Le lapin qui cacha la forêt

Le scandale concernant le syndicat Avenir lycéen reflète encore une fois la tendance de M Blanquer à maltraiter la réalité. Mais il reste très cohérent dans son œuvre de création de l'école de demain. L'œuvre d'une vie. Nous parlerons donc d'école, mais aussi de liberté, du mérite, des profits et des lapins.

Il est 19h58. M Blanquer est invité depuis 28 minutes déjà sur RTL. Sa première apparition depuis la deuxième salve des révélations concernant le "syndicat" Avenir lycéen. Je finis ma blanquette au moment où LA question est enfin posée. Mais on sait déjà, vu l'heure, qu'il n'y aura pas de relance. Qu'il s'agit donc simplement d'une fenêtre permettant un communiqué ministériel à prendre ou à laisser. Et on se le prend. Comme d'habitude, peu d'originalité dans le choix des arguments : Je dis la vérité et tous les autres, au mieux se trompent, au pire mentent éhontément. Ensuite le ministre n'a plus que le temps de conclure qu'il est content de la demi heure passée en compagnie des deux journalistes et ils se quittent, tous souriants. 

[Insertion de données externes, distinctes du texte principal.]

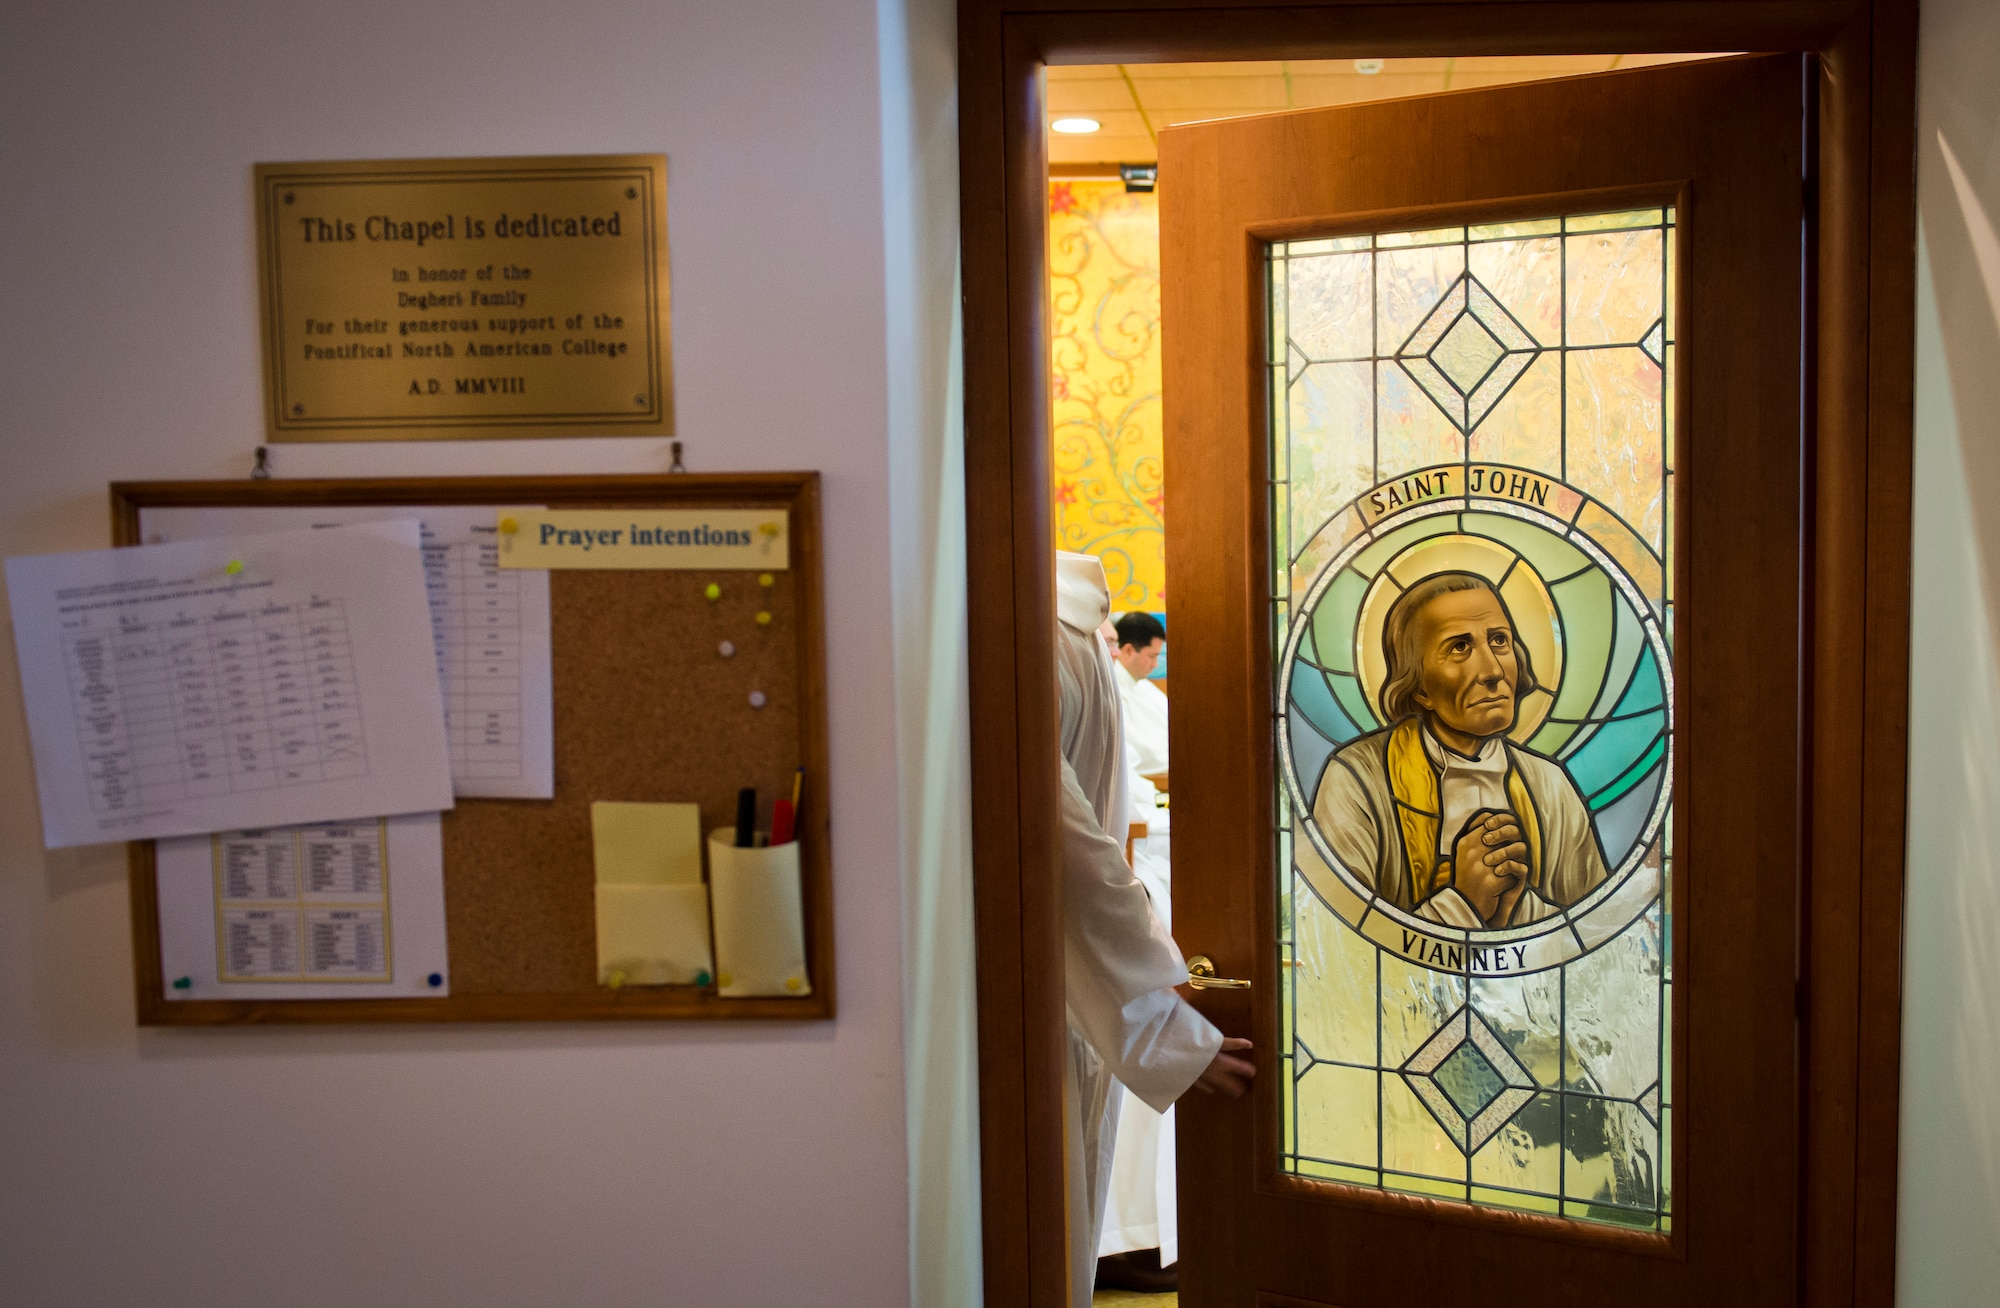 Retired Chaplain (Lt. Col.) Robert Bruno closes the door to the chapel as he joins Catholic Mass on the Northern American College campus in Rome. (U.S. Air Force photo/Staff Sgt. Andrew Lee)

Ce petit épisode n'a absolument rien de surprenant. La tradition est respecté. Le ministre s'essuie les pieds sur le réel tout à sa tâche de moderniser l'école. Révélations des journalistes? "Beaucoup de sauce et peu de lapin". Manipulations des lycéens mineurs? C'est la France Insoumise. L'argent dépensé? J'ai commandité une enquête. L'enquête parlementaire réclamée par l'opposition? C'est bien, "j'aime les enquêtes"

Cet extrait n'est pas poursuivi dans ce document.